* Exercise directions
Output each line of the data below exactly, omitting any image.

* Given material
..........
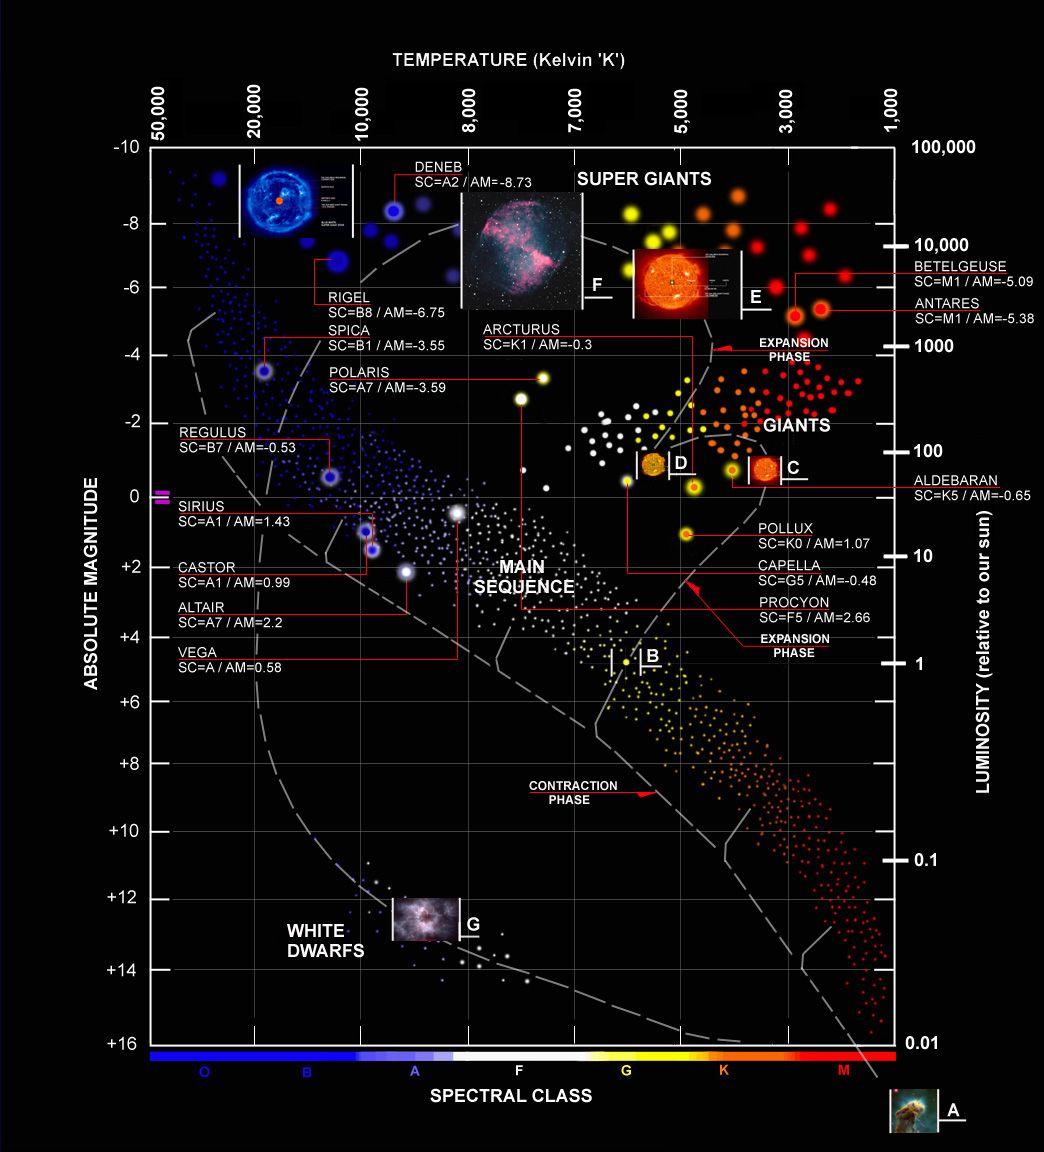 hertzsprung russell diagram cycle of stars  [ 1044 x 1152 Pixel ]
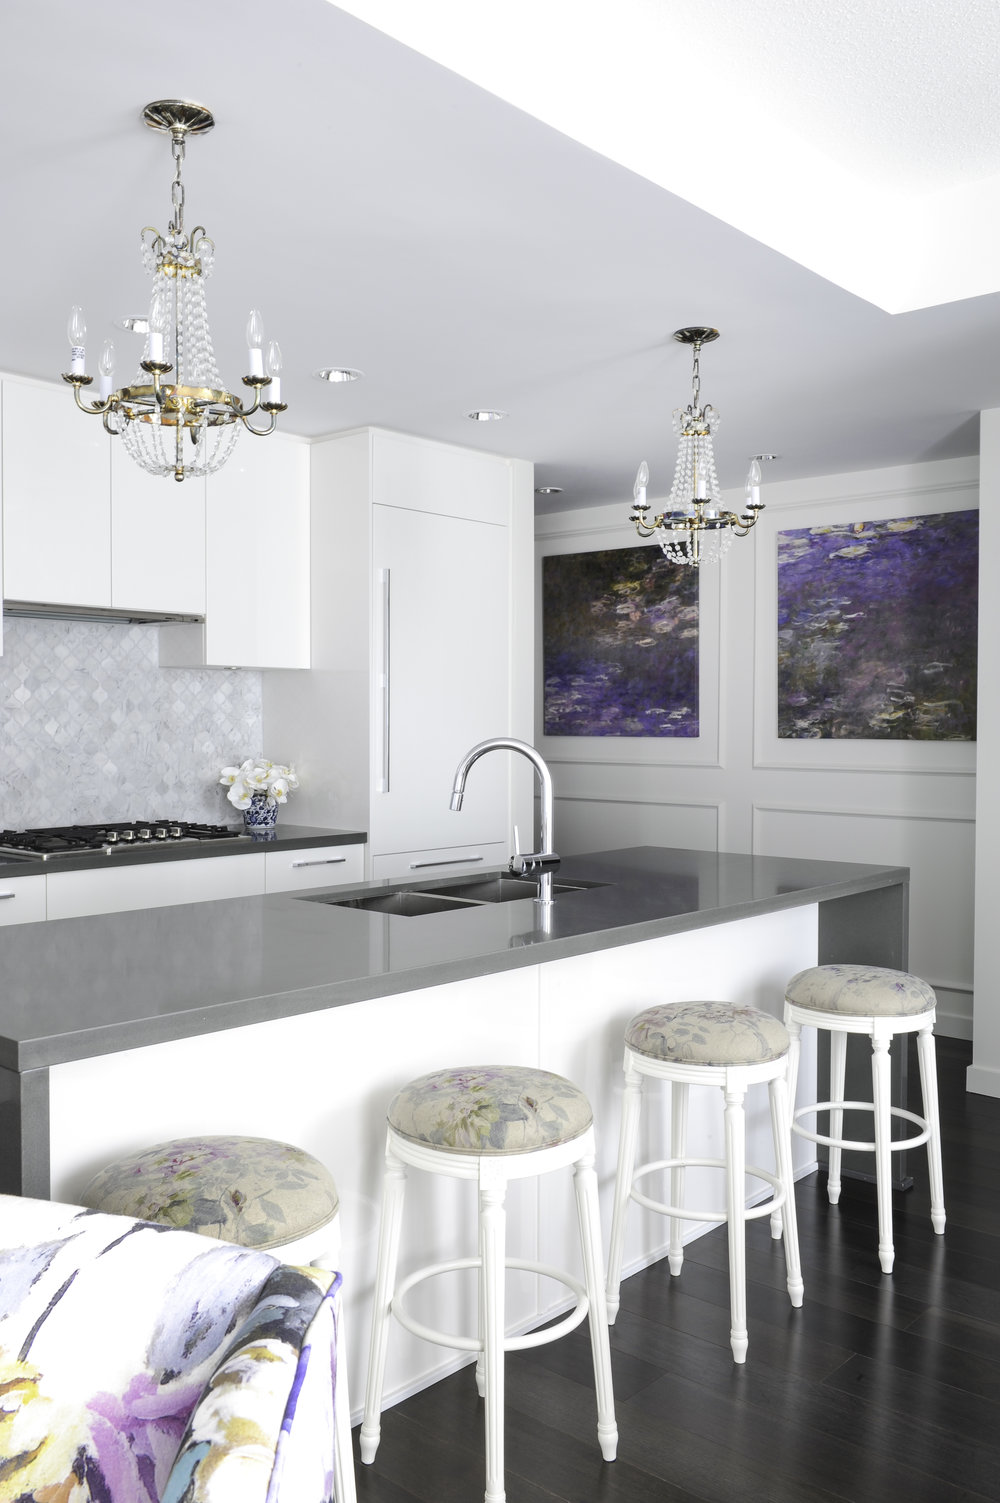 UBC Renovation & Interior Design
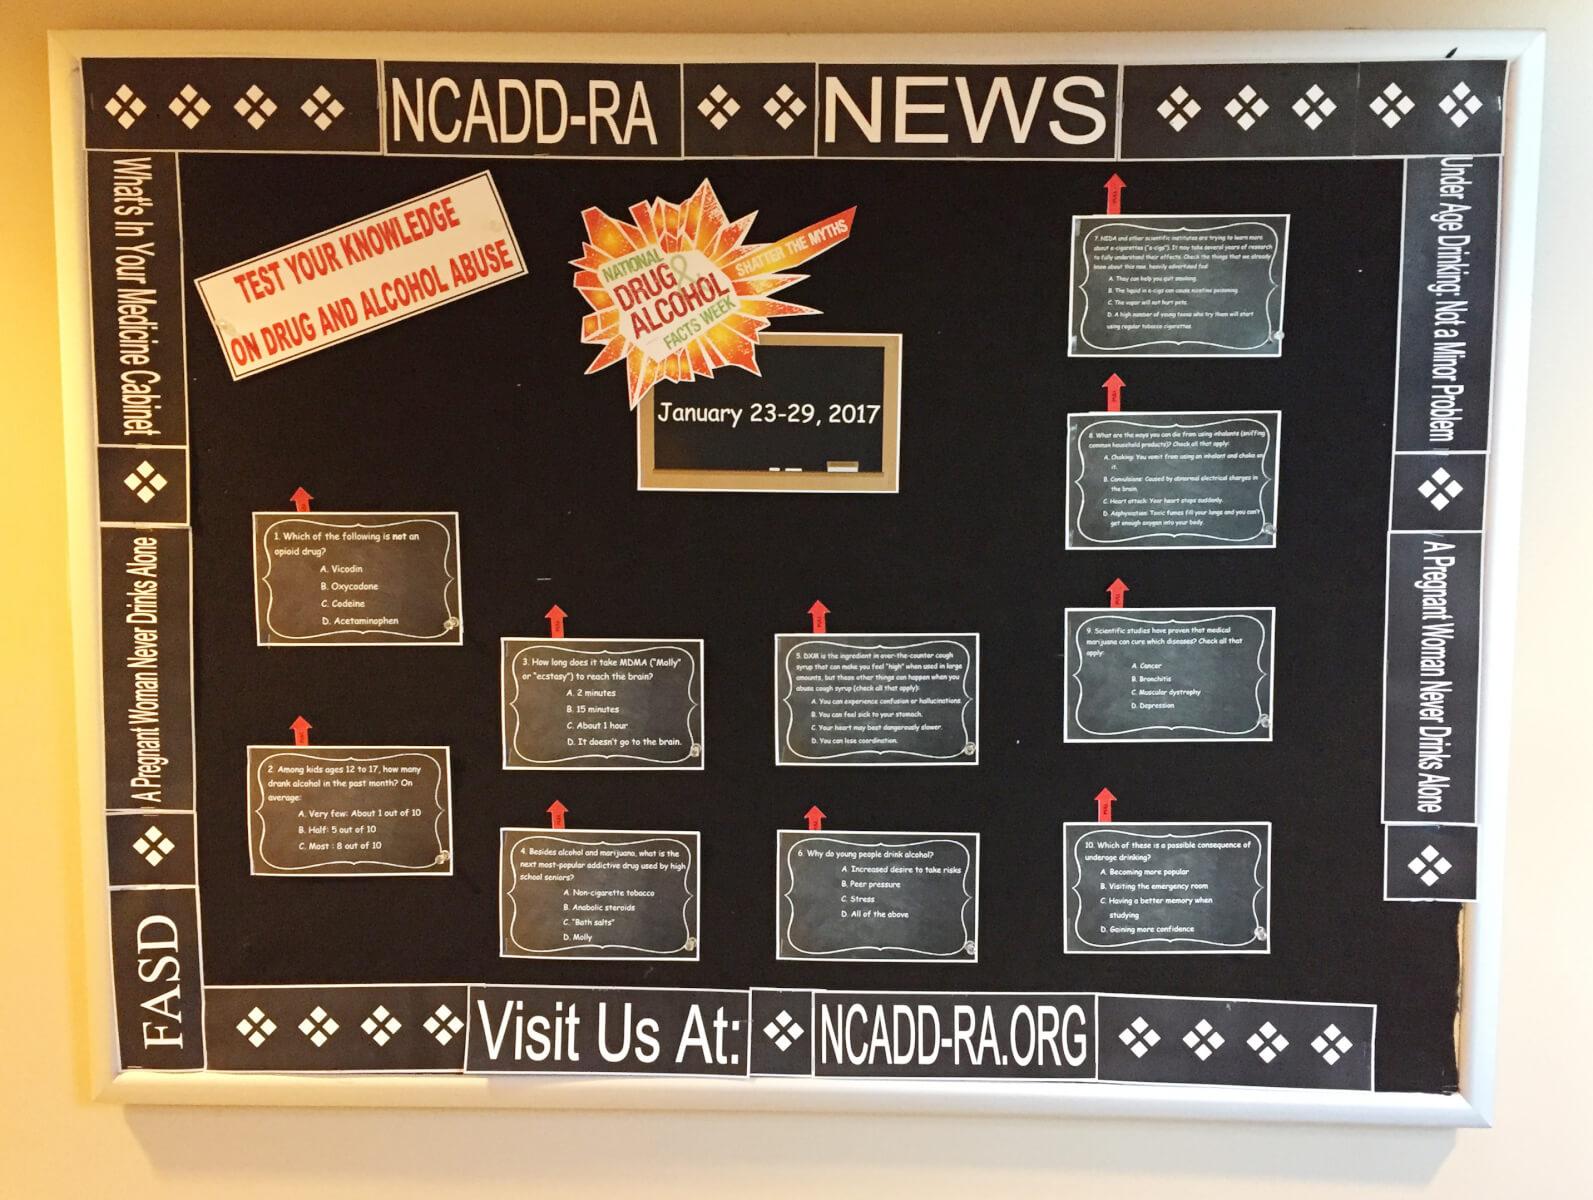 NCADD-RA NEWS Bulletin Board
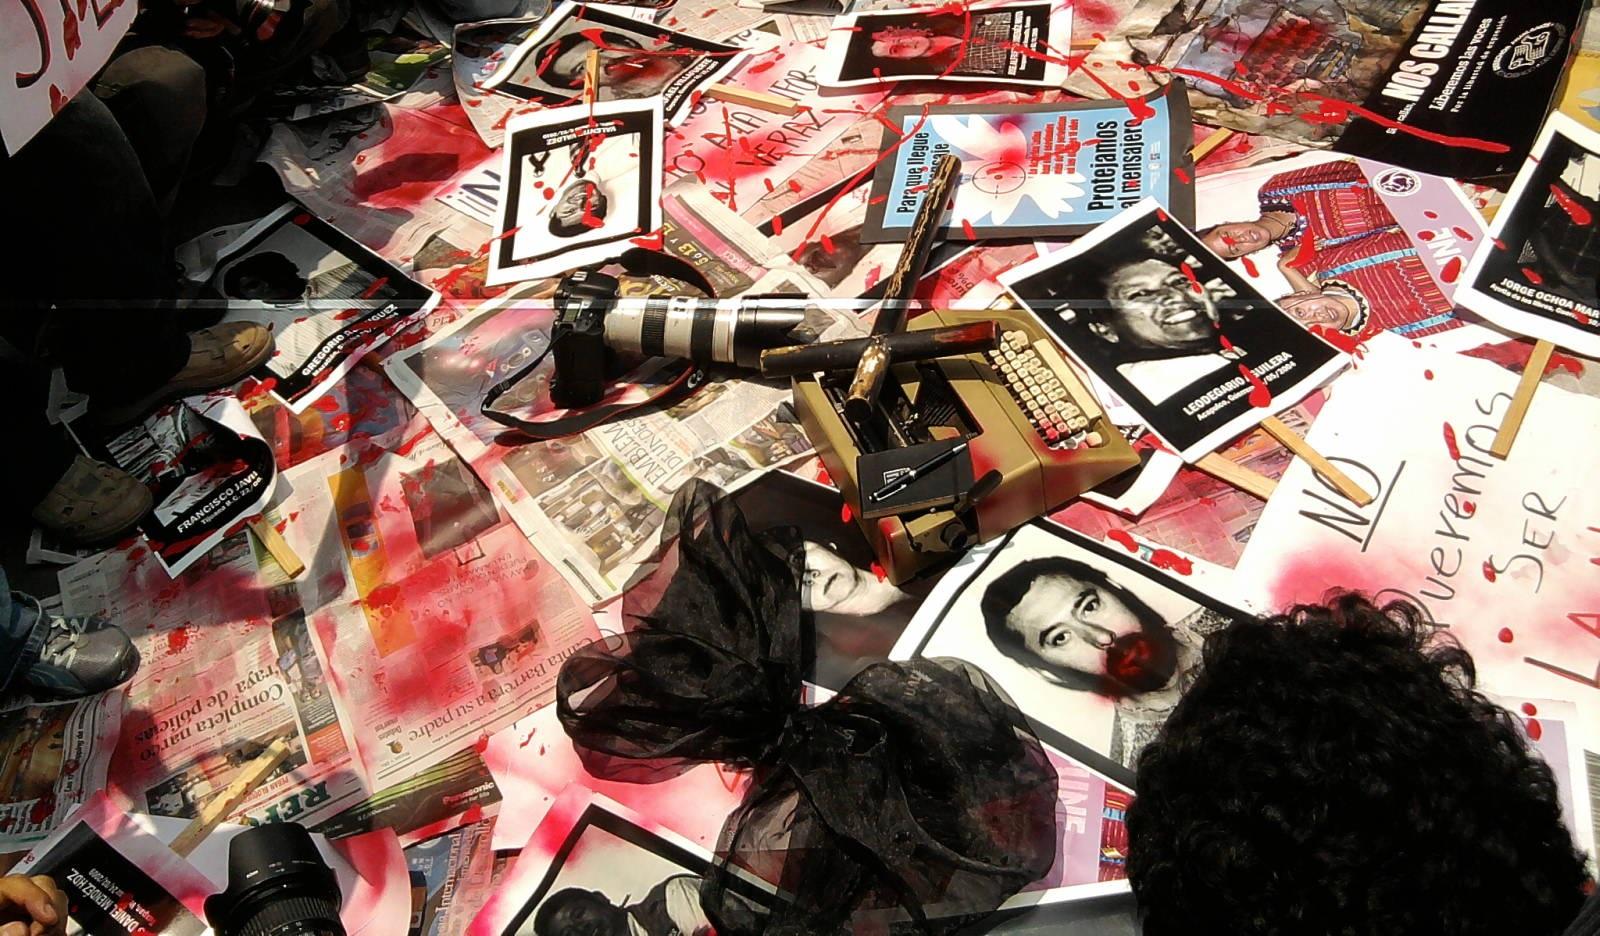 Un periodista es asesinado cada dos semanas en América
..........
* Solution to the exercise
 hertzsprung russell diagram cycle of stars  [ 1044 x 1152 Pixel ]
 UBC Renovation & Interior Design
 NCADD-RA NEWS Bulletin Board
 Un periodista es asesinado cada dos semanas en América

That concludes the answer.